Over the next few weeks the spirit of Franco will be looming large at HOME in Manchester – and no, that’s nothing to do with Robert Carlyle’s character in Trainspotting.
The venue is about to open the doors on this year’s ¡Viva! Festival celebrating Spanish and Latin American culture. A popular annual staple from back when HOME was Cornerhouse, 2017 sees the festival reach its 23rd year. Among other strands, such as a focus on women filmmakers and Basque cinema, the programme marks the 40th anniversary of La Transición, the wide-ranging Spanish aftermath of General Franco’s death when strict censorship laws were relaxed and many previously suppressed artists were able to flourish.
Selecting the films for ¡Viva! is a mighty, virtually all-year-round undertaking which falls to three people: Jessie Gibbs, the festival coordinator, Andy Willis, HOME’s senior visiting curator for film, and Rachel Hayward, HOME’s programme manager for film. Hayward explains the process: “It’s Jessie who has the perhaps enviable, perhaps not, job of doing the first watch of things. That can be just watching 20 minutes and completely discarding something, or watching 20 minutes and saying, ‘we need to watch this as a team’. Jessie’s estimate is that, give or take a few, she’ll have watched 150 films this year. Me and Andy will have seen slightly less.”

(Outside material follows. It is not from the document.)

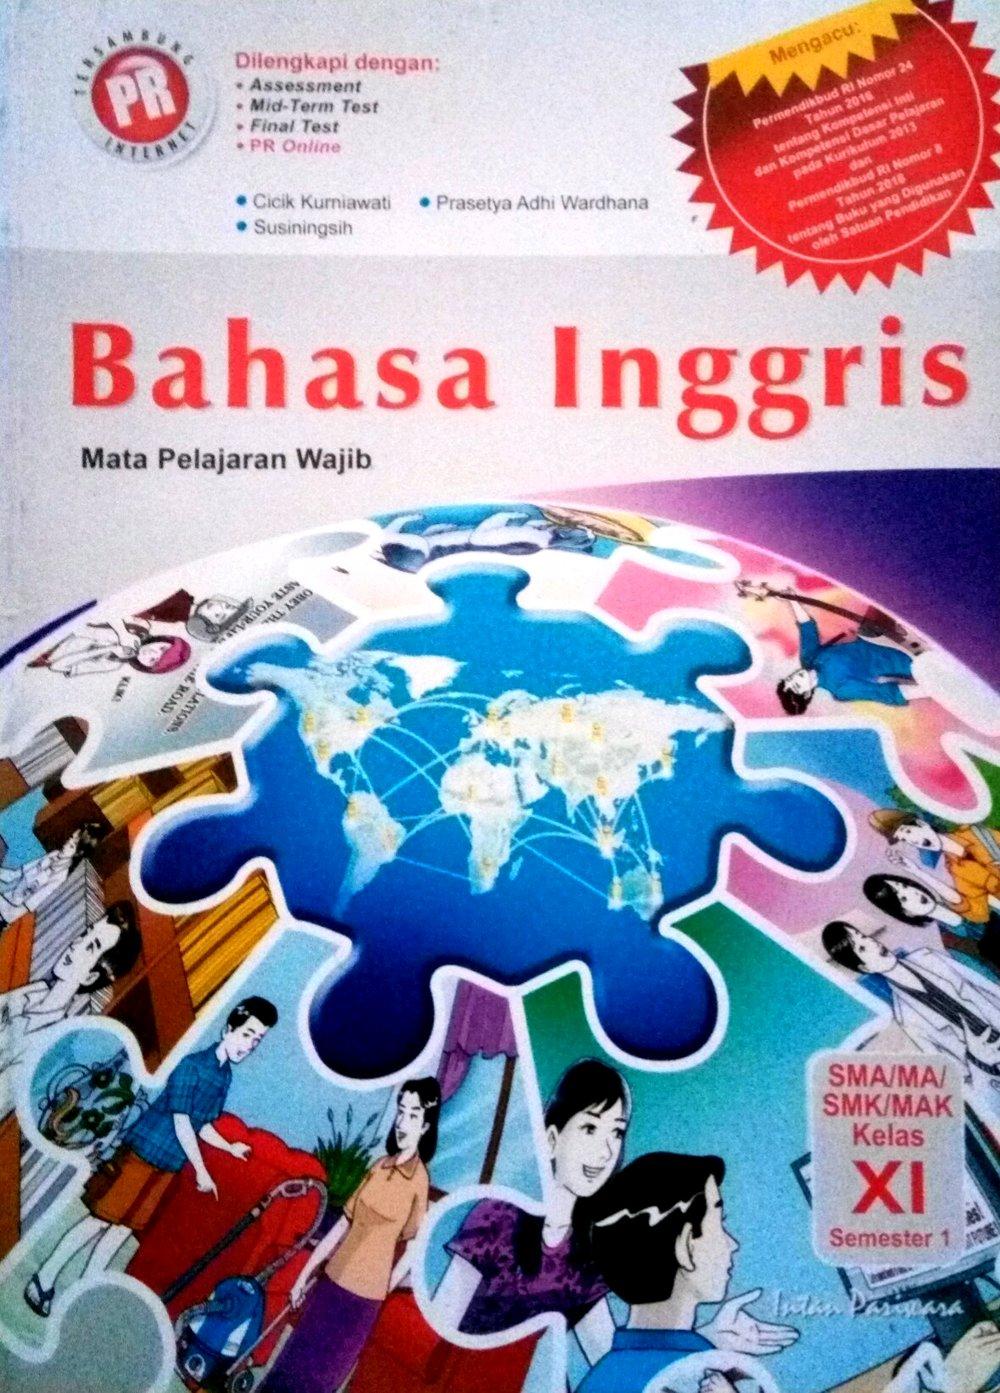 Kunci Jawaban Buku Bright An English Kelas 9 Kurikulum 2013 Revisi 2021 Bright Jl 3 English Course For Junior High School K13n Kunci Jawaban Buku Tematik Kelas 5 Tema 9

The end result is a array of 30 films, ranging from brand-new work to older pieces which emerged during La Transición, many of them UK premieres and complete with guests and special introductions. For the first time in the festival, there’s even a children’s film, the high-octane adventure tale Zip & Zap and the Marble Gang.
The festival isn’t confined to cinema screenings, though. In HOME’s exhibition space, there will be an exploration of the art of La Movida, the cultural wave in post-Franco Spain which is sometimes likened to punk. Meanwhile, the theatre spaces will be playing host to work by several major Spanish performers, among them One-Hit Wonders by leading dance company Sol Picó and Birdie by Agrupación Señor Serrano. There will even be a large outdoor tent space erected in Tony Wilson Place right outside HOME, presenting a range of live shows including hotly-tipped visiting Basque band Rural Zombies.
Back in 2015, when Cornerhouse closed and HOME opened, there was, Hayward says, an open discussion about whether or not to carry ¡Viva! across. “Because we’re quite pragmatic people, as well as being devoted to our art forms and culture in general, we looked at everything and what we should move with us. From my point of view, because ¡Viva!‘ has been so successful for so long, there was no question of not carrying it on. It was definitely going to happen. Also, from an audience point of view, there would be no reason to stop it. It certainly works. But what we felt we definitely needed to do was to make it for HOME instead of for Cornerhouse.”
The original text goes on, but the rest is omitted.